The data
__________

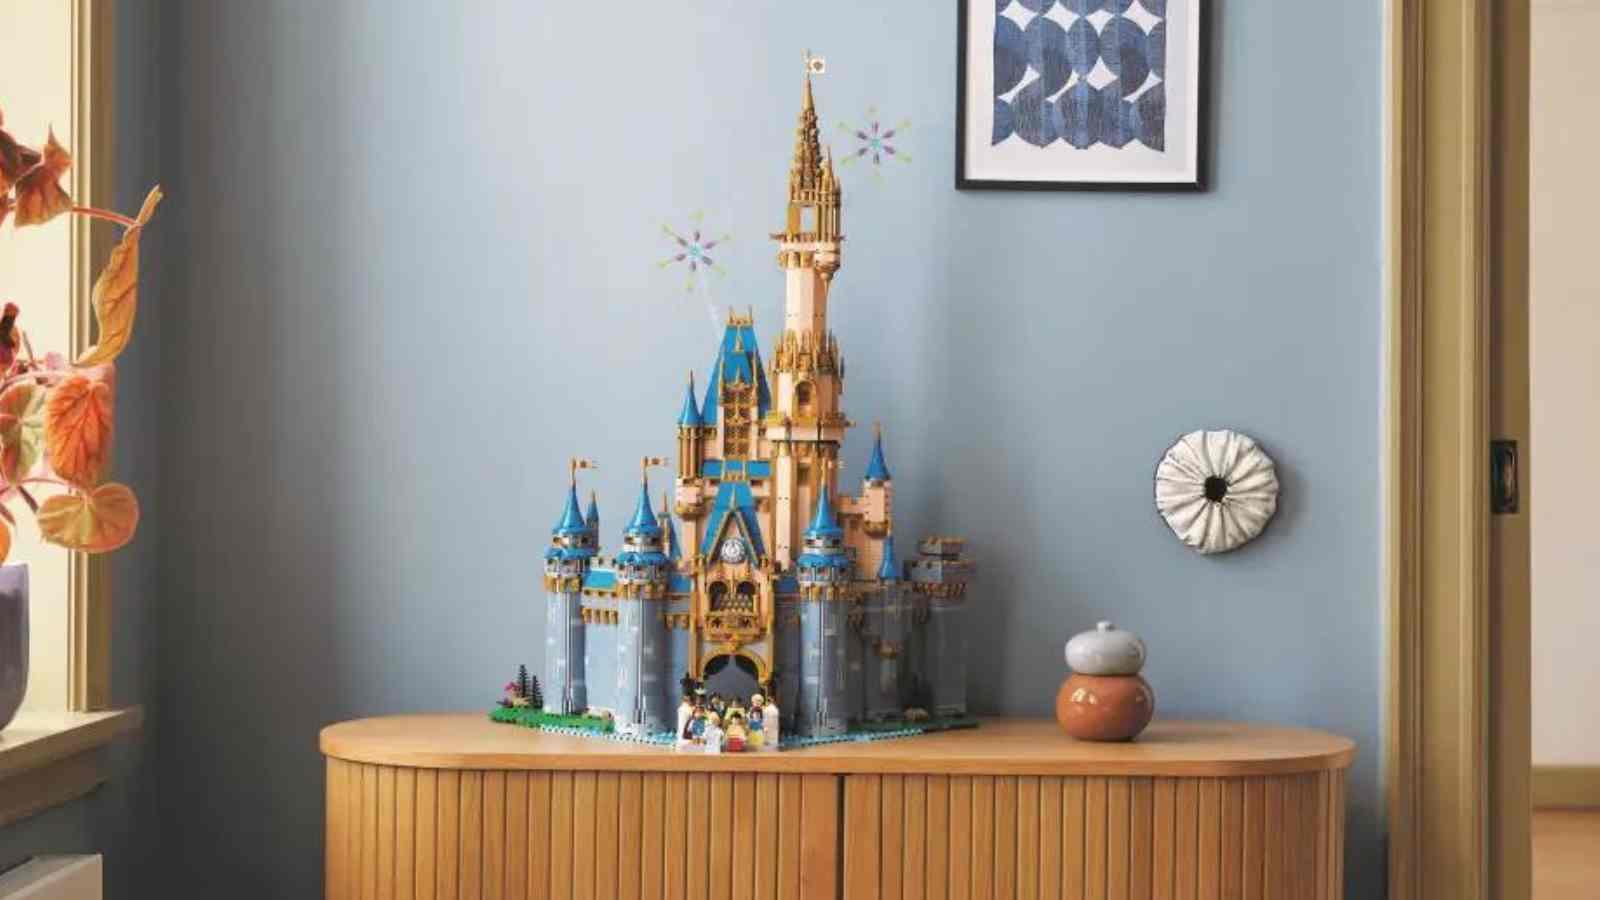 The LEGO Disney Castle on display
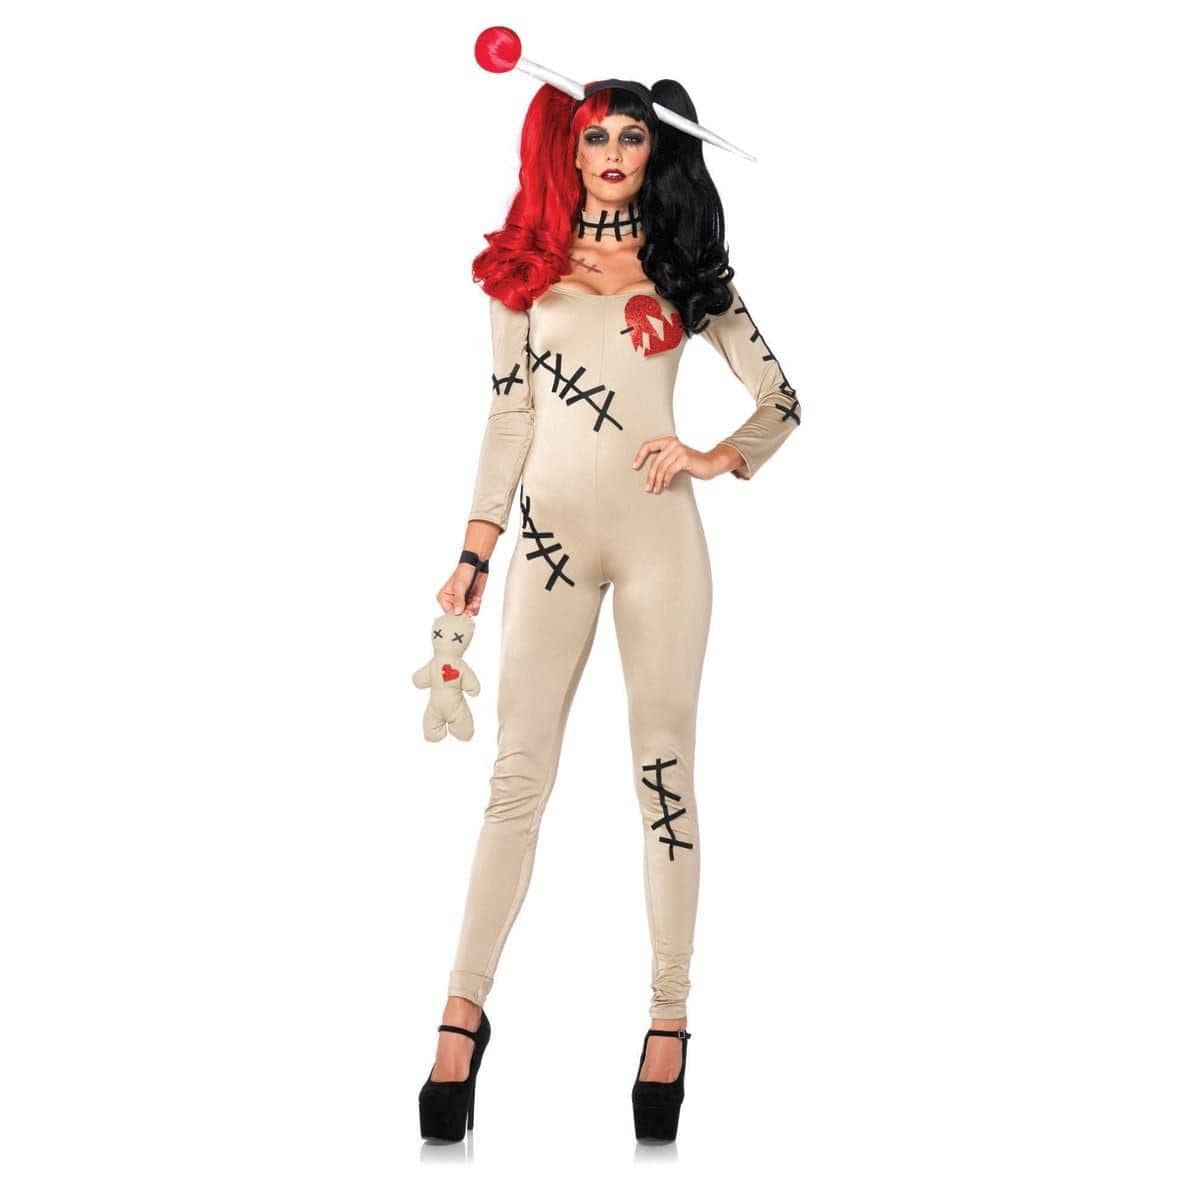 LEG AVENUE/SKU DISTRIBUTORS INC Costumes Voodoo Doll Costume for Adults
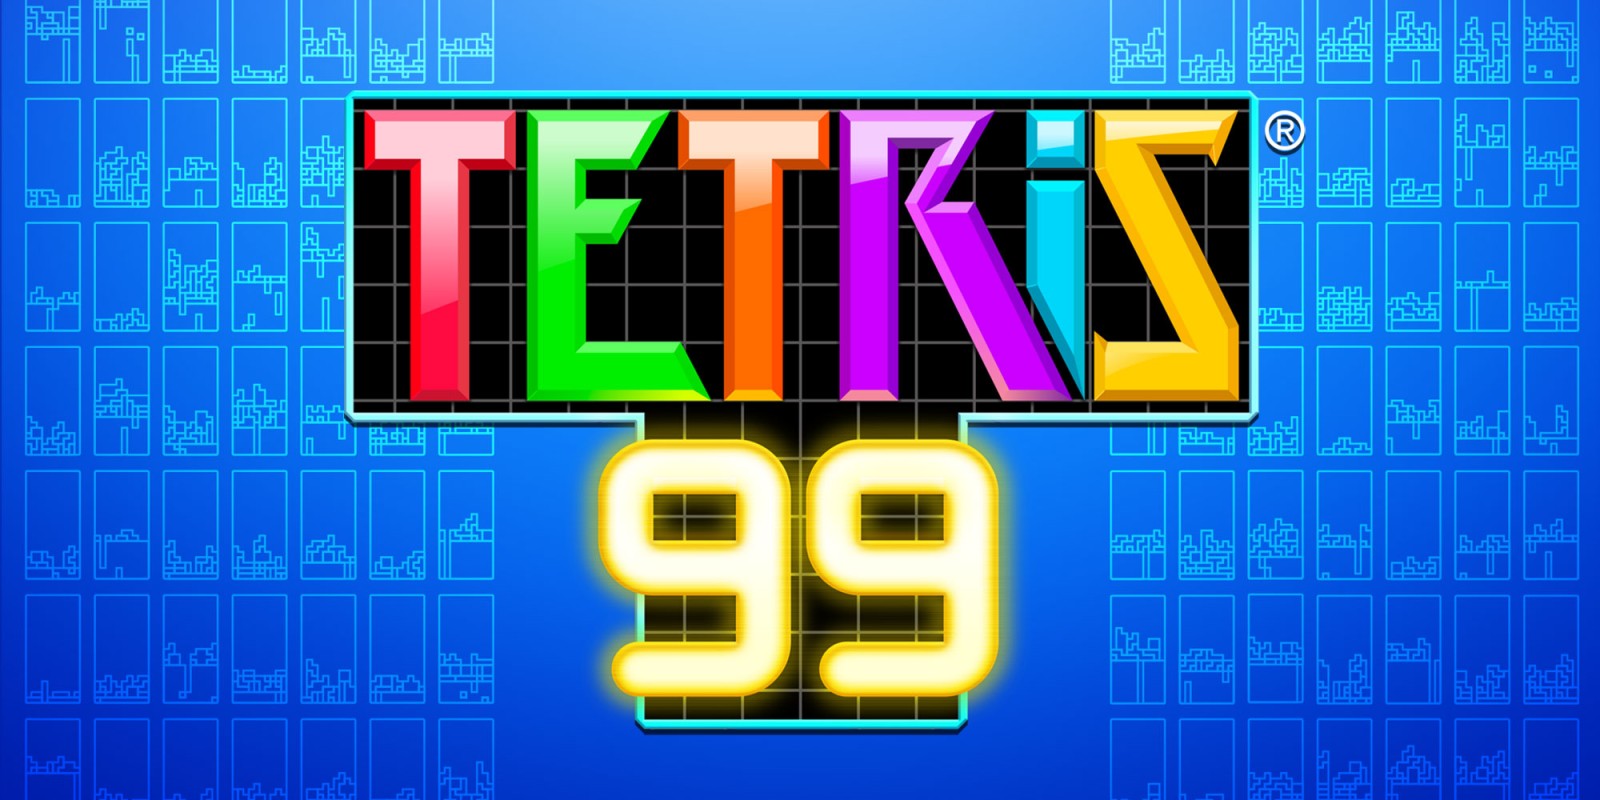 Tetris 99 - 7 Tips How to Improve

__________

Assigned task
Without including any picture, set down every line above exactly as it stands.

Result for this exercise
 The LEGO Disney Castle on display
 LEG AVENUE/SKU DISTRIBUTORS INC Costumes Voodoo Doll Costume for Adults
 Tetris 99 - 7 Tips How to Improve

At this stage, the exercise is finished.